Granted, the Source engine is 10 years old now and quite archaic. I’m glad to see them switch.

Being a big fan of “Dear Esther” I am surprised they haven’t moved earlier :wink: As others mentioned, the art pipeline, deployment features and future costs are something to consider when picking an engine. Unity wins in many of these areas but personally I think they need to step it up a bit in the “visual” and “performance” area. Anyhow, all the best to him.

Looks like he’s also posted up the second part, the ‘How?’ part.

http://www.littlelostpoly.co.uk/dear-esther-unity-how/

Really interesting read

Great find! While i didn’t enjoy the narrative, the journey was amazing and playing it with an Oculus Rift in a hacky way was one of my all time true transformative gaming experiences that heavily influenced how i thought about games development since

Using unity, OR support is trivial and would fix the visual bugs and would be the first place i’d send anyone interested in the roots of my fascination with ‘walk em ups’. Great news - but i do hope they keep the crisp contrasty look of the original art and don’t overdo the graphics side of things, the game was a beauty on trusty old source

Awesome find.

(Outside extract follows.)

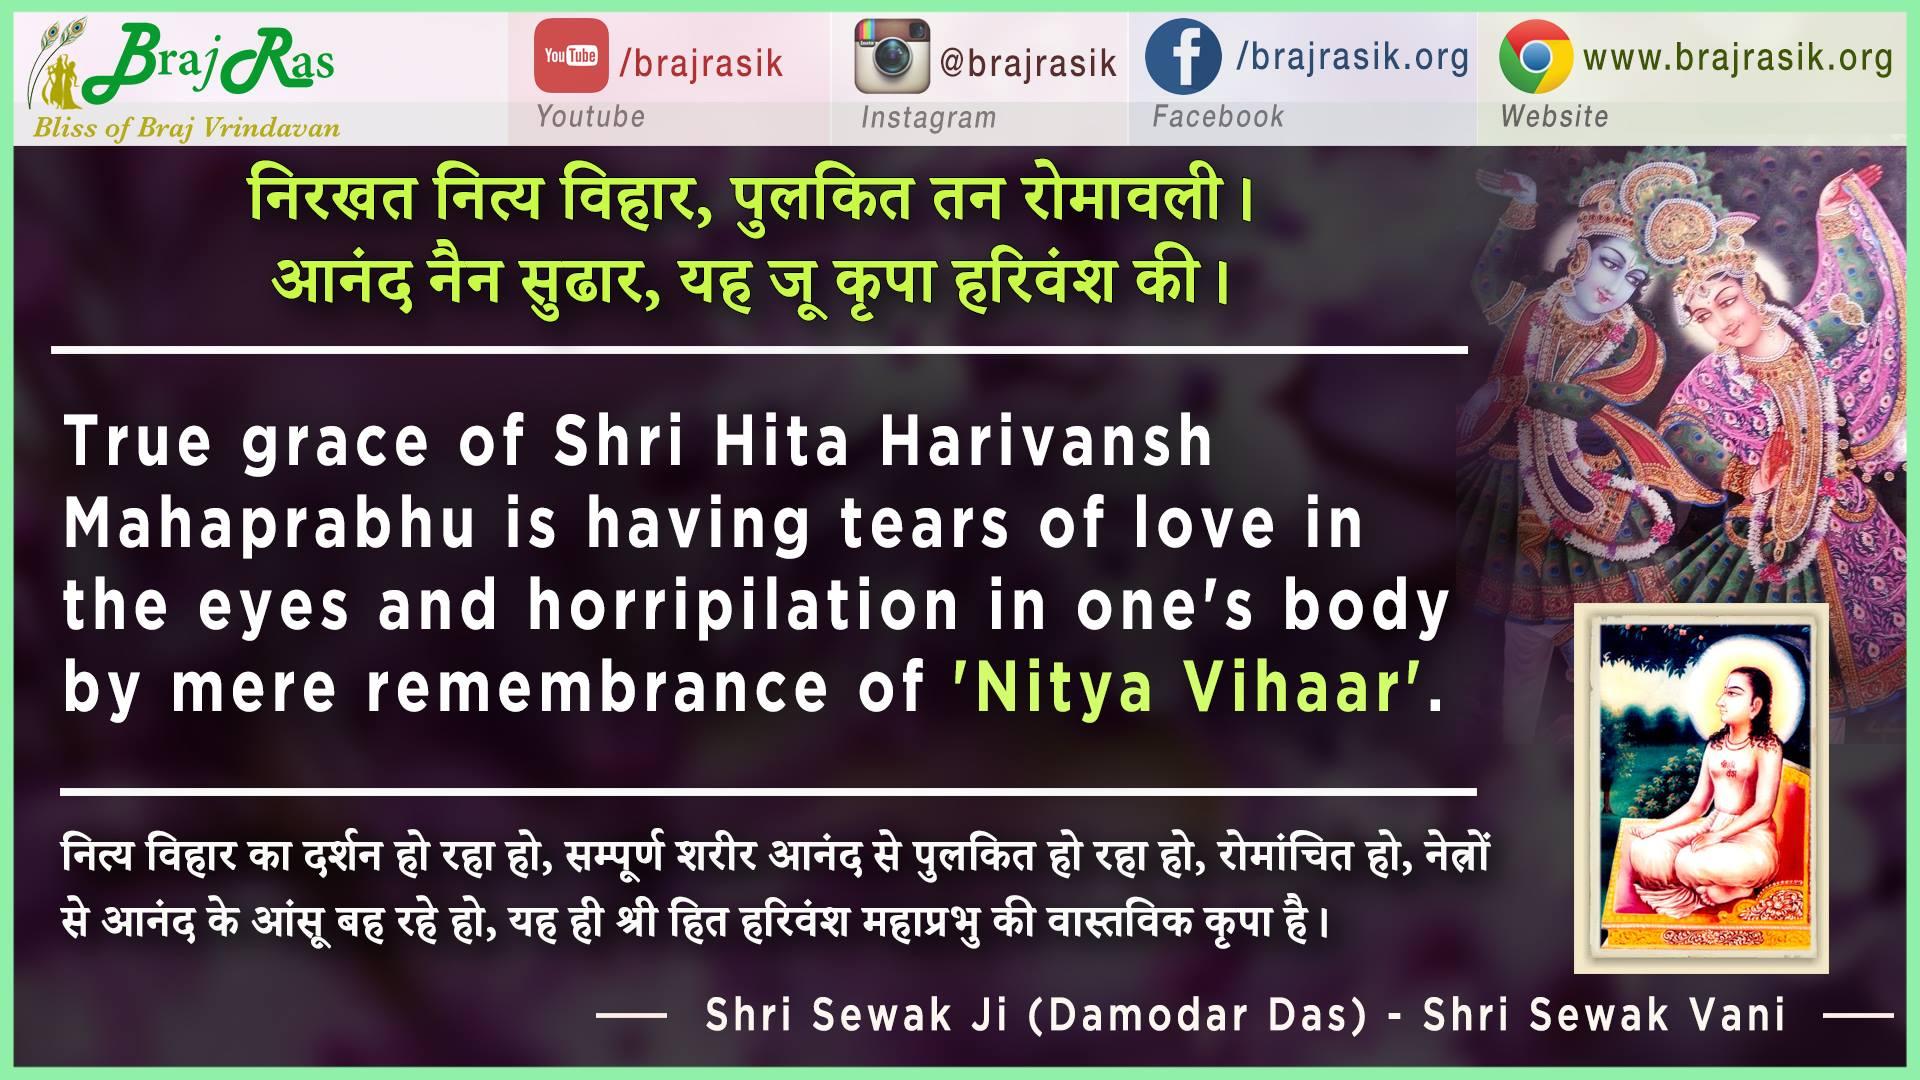 Nirkhat Nitya Vihar, Pulkit Tan Romavali - Shri Sewak Ji (Damodar Das) - Shri Sewak Vani

Especially loved how it’s hell to license the Source Engine… I would had expected better from Valve.

@Lazygunn;
Sorry to tell you that, but I just can’t read your post… the lack of punctuation is killing me after the first sentence.

Just for you Sir Renegade, apologies for the laziness, I can get slipshod when I just want to get something said

It’s kind of funny because the nick kind of says it, doesn’t it? :wink:

Well, Source has always been more of an in-house engine that you could license if you really, really wanted to. Valve’s main source of profits is Steam, no doubt.

If you want simplicity (in terms of workflow and such), you go with Unity.
If you want quality (in terms of technology), you go with the CryEngine.
If you want anything in between, you go with the UDK.

I cannot understand why anybody would license the Source engine. Aside from mapping, everything is such a pain in the ass; And it doesn’t even look that great.

I think source was the only free-to-try ‘quality’ engine 10 years ago… before Unity Indie.

It probably stuck in the mentality.

Oh, and one of the first to support Oculus Rift, which is relevant here. I almost puked after playing the first couple of levels of HL2 in OVR. But it was worth it.

I think there are plenty of great looking games using the Source engine, and the choice of using it may have been simply down to being unclear as to the alternatives. I’m mostly disappointed at Valve for being seemingly unsupportive

What games are you talking about?
Mods, sure. Source is THE engine if it comes to modding support and the modding community.
Complete games made with Source? I don’t know many considering Valve’s own do not count.

I would say:
If you want simplicity (in terms of workflow and such), you go with Unity.
If you want quality (in terms of technology), you go with Unity and stop being lazy.
If you want anything in between, you go with Unity.

I’ve seen pics of some really nice visuals from Unity, and you would never know about it because how Unity is. I’ve seen alot of good games that look dissimilar from each other, but great nonetheless. I can’t say that about UDK or CryEngine, as they look similar to each other.
Of course, most came from experienced devs who knew alot about it.

For Dear Esther, what took that guy so long? LOL :smile:

Source engine games. Not that many aside from Valve’s.